Звонил Сальваторе, чтобы расспросить брата о Эмили. История их знакомства, судя по всему, достигла и Венеции, разорвавшись там, словно бомба, десятками тысяч грязных публикаций.
— Что у тебя там творится, Манфредо? — лукаво спрашивал Сальваторе. — Говорят, ты кого-то соблазнил? Это на тебя не похоже!
— Вовсе нет! Она упала в обморок, узнав о сказочно богатом родственнике, а я пытался привести ее в чувство, — лаконично просветил его брат.
— Жду не дождусь, когда ты нас познакомишь! — заливался на другом конце провода Сальваторе. — Жаль, что фотография получилась не резкая — я не смог как следует ее рассмотреть. Как ты думаешь, — елейным голосом осведомился он, — мы с ней так же поладим, как и с Карлой Фредерикой?

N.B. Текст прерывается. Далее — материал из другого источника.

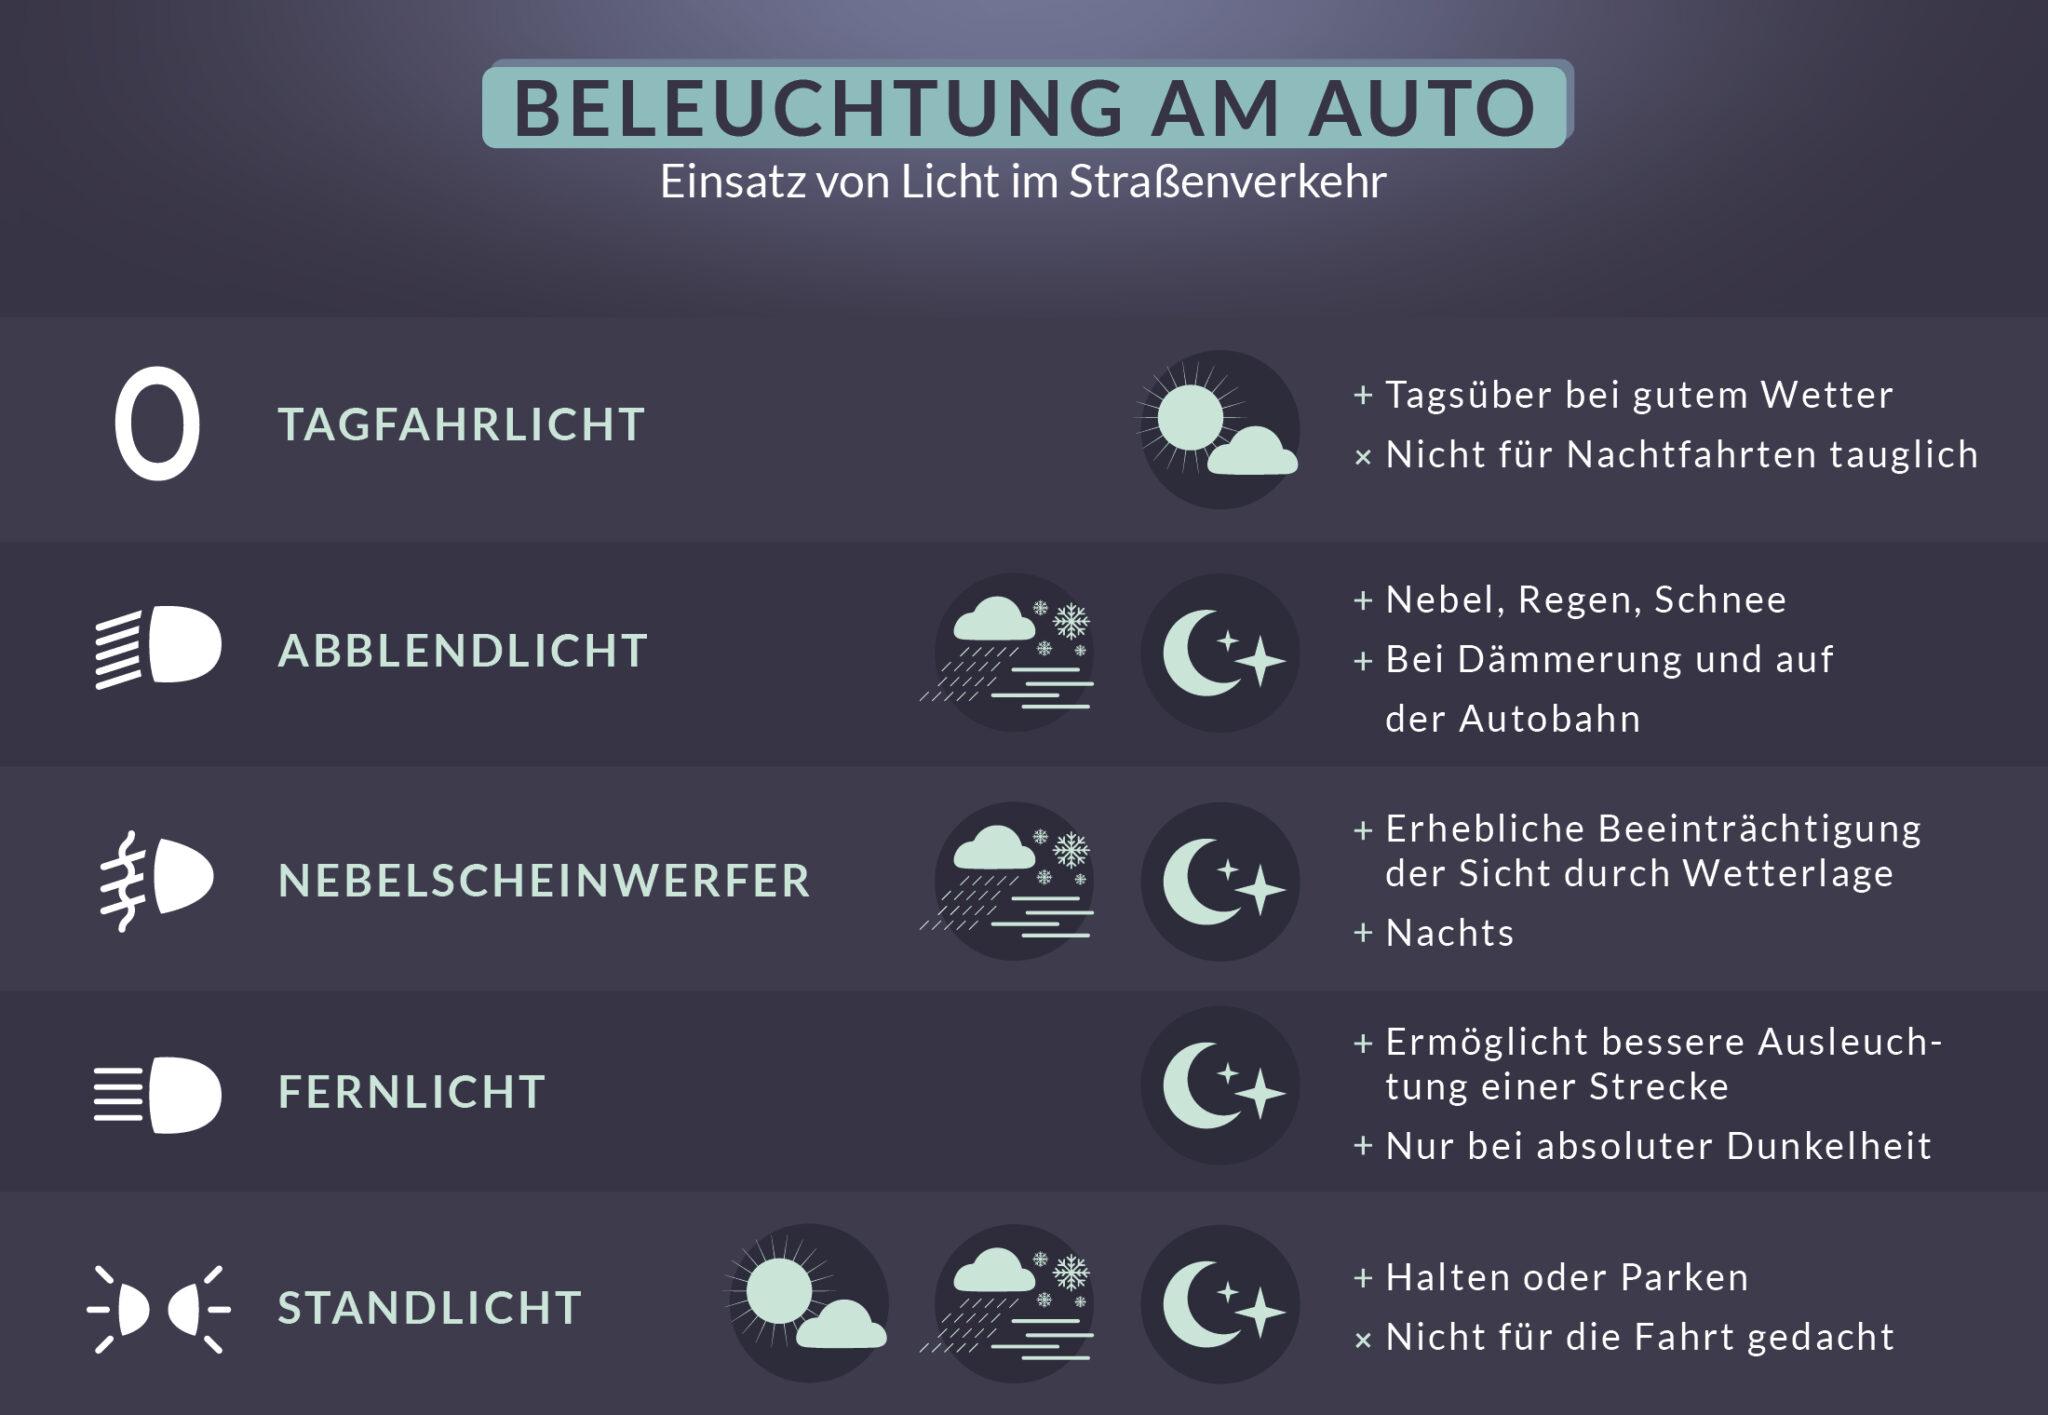 Diese Grafik zeigt, wann welche Beleuchtung am Auto eingeschaltet werden darf.

У Манфредо перехватило дыхание. Давясь злобой, он изо всех сил стиснул зубы, проглатывая готовые сорваться с губ проклятия. Накричав на Сальваторе, запретив ему приближаться к Эмили, он лишь раззадорит пыл записного донжуана, а брат в свою очередь расшибется в лепешку, чтобы испортить ему жизнь.
— Не думаю, — сказал он ледяным тоном. — Она не в твоем вкусе: этакая английская кобылица, неуклюжая, как корова, толстуха с огромными руками-ногами… И вообще старая дева, синий чулок.

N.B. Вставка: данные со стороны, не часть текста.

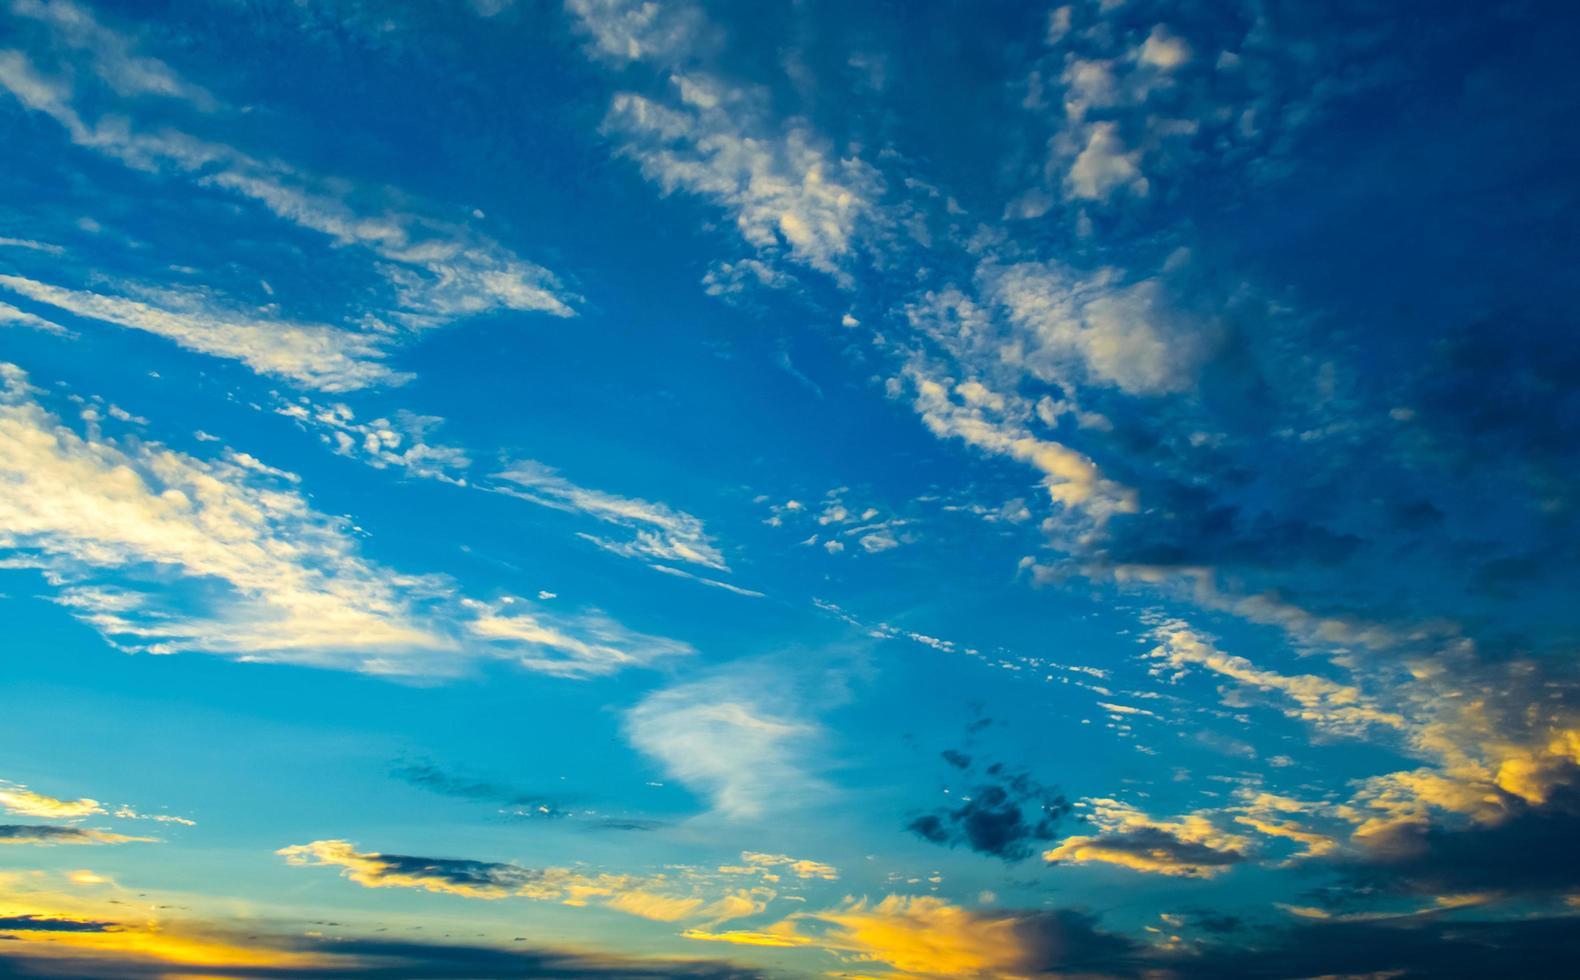 blauwe lucht en bewegende wolken, de schoonheid van de natuur foto

— Она что — девственница?!! — хрюкнул Сальваторе, давясь от смеха.
— Да черт ее знает! Я не проверял! — рявкнул Манфредо, начиная терять терпение. — На такую страхолюдину мало кто польстится, тем более что одевается она ужасно, словно с помойки… — продолжал он, ловя себя на мысли, что в отношении одежды сказал чистую правду. — Ну ладно, Сальваторе, мне пора. Кто-то в дверь стучит. Поговорим при встрече.

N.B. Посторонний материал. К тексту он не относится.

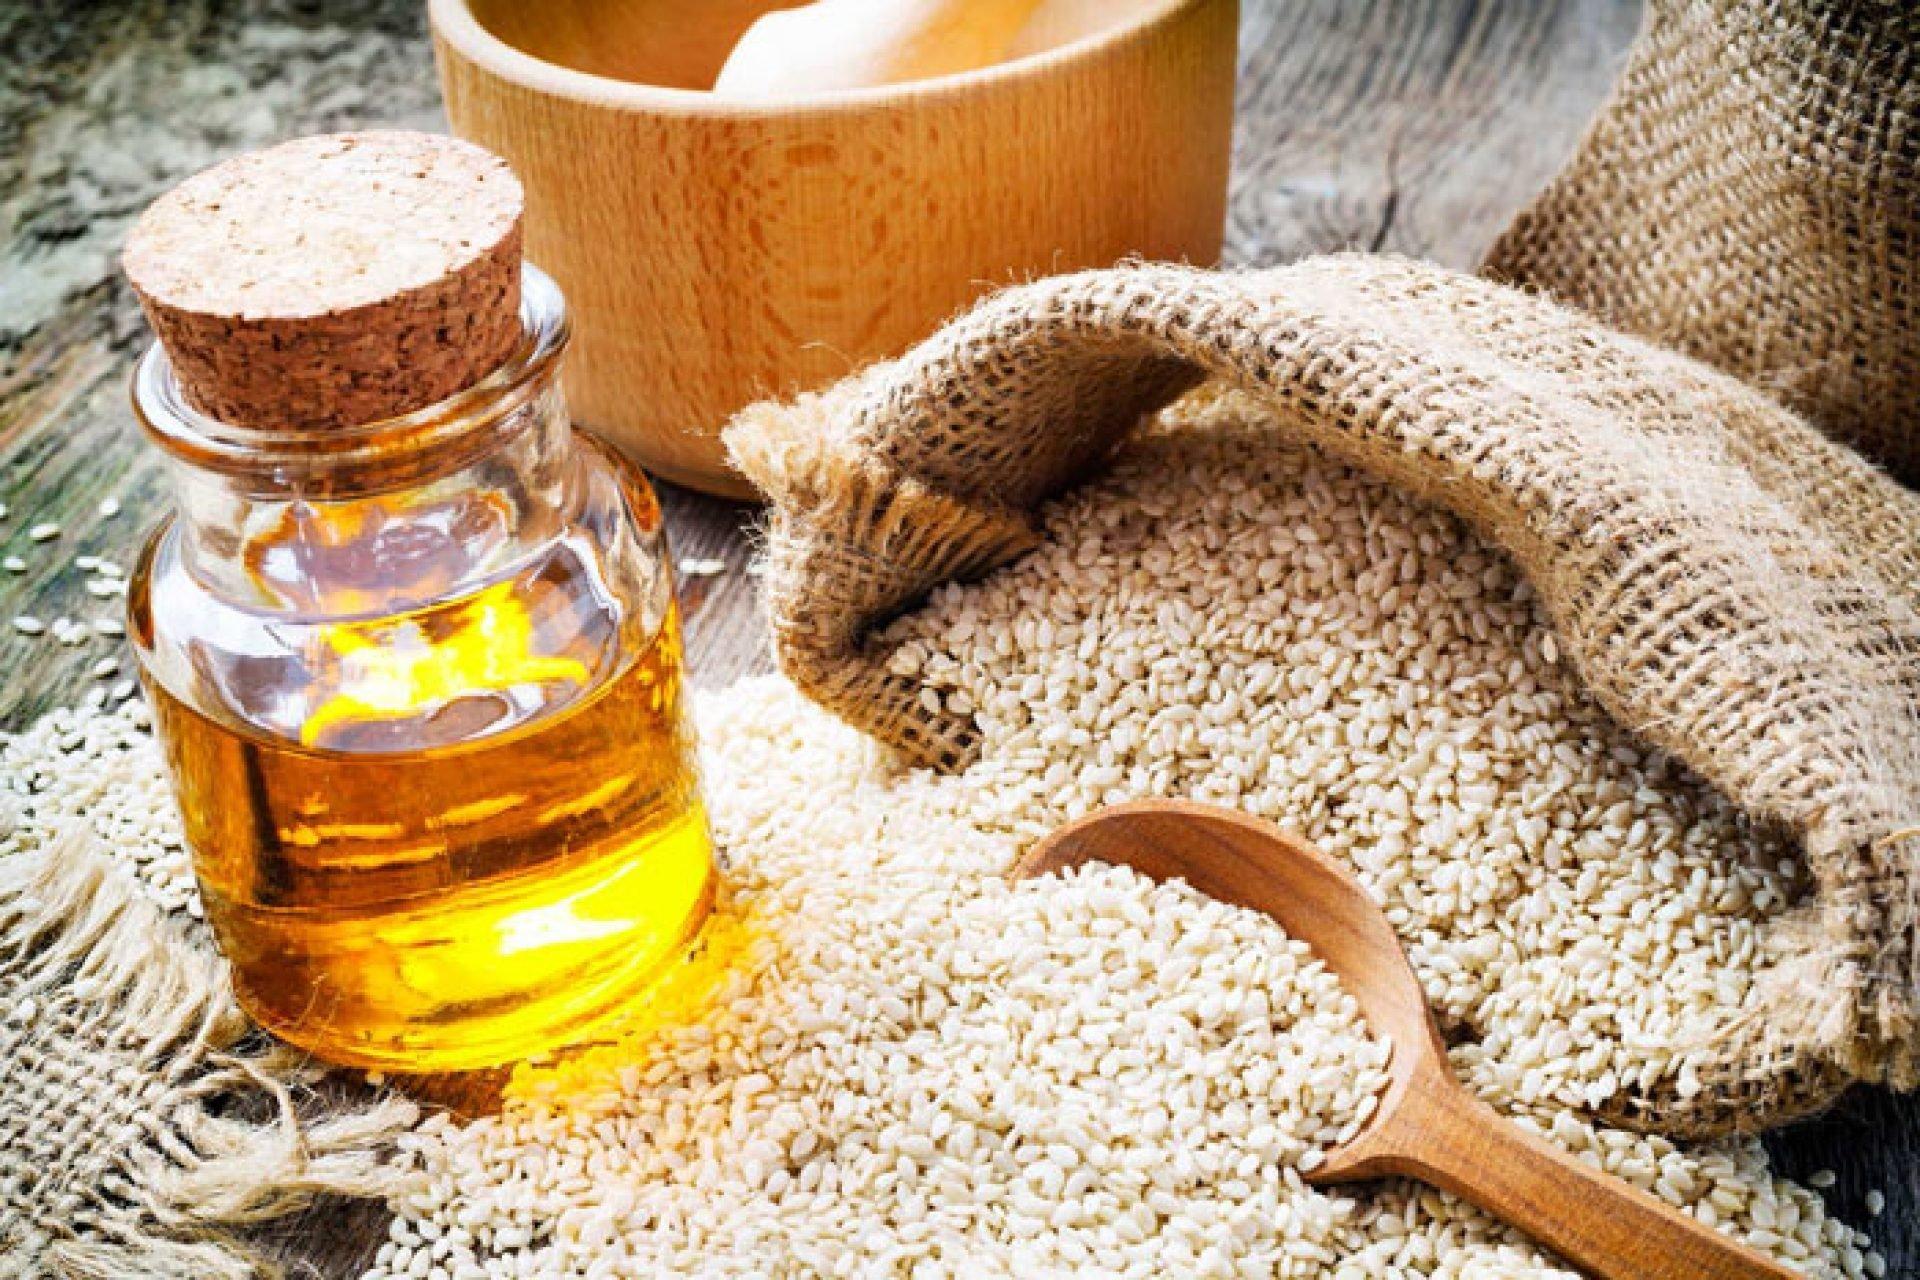 دانه کنجد برای تقویت سلامت بدن

— Это мой брат, — сухо пояснил Манфредо, повесив трубку, — Сальваторе. Судя по всему, наша история дошла и до Венеции. Теперь мы стали гвоздем программы… Ну они у меня дождутся! Как только вернусь домой, потребую немедленно опубликовать опровержение всем этим сплетням. И пусть только попробуют напечатать хоть одно грязное слово! Я буду предъявлять иск любому, кто осмелится запятнать вашу репутацию! — с горячностью воскликнул он и добавил уже более примирительно: — Но в Англии, как это ни прискорбно, я абсолютно бессилен что-либо изменить…
Эмили прерывисто вздохнула при мысли о том, что ей придется противостоять оголтелому натиску прессы.
Манфредо вызвал горничную и попросил принести последние выпуски газет и журналов. Получив корреспонденцию, Манфредо повесил на дверь табличку «Не беспокоить» и запер номер изнутри.
Их фотографии красовались во всех разделах светской хроники. Броские заголовки вроде «Герцог и Нищая» и «Новая Золушка» издевательски пестрели на обложках глянцевых журналов. Кое-где встречались и снимки предательницы-секретарши, которая, как выяснилось, за неплохое вознаграждение продала алчным журналистам историю Эмили.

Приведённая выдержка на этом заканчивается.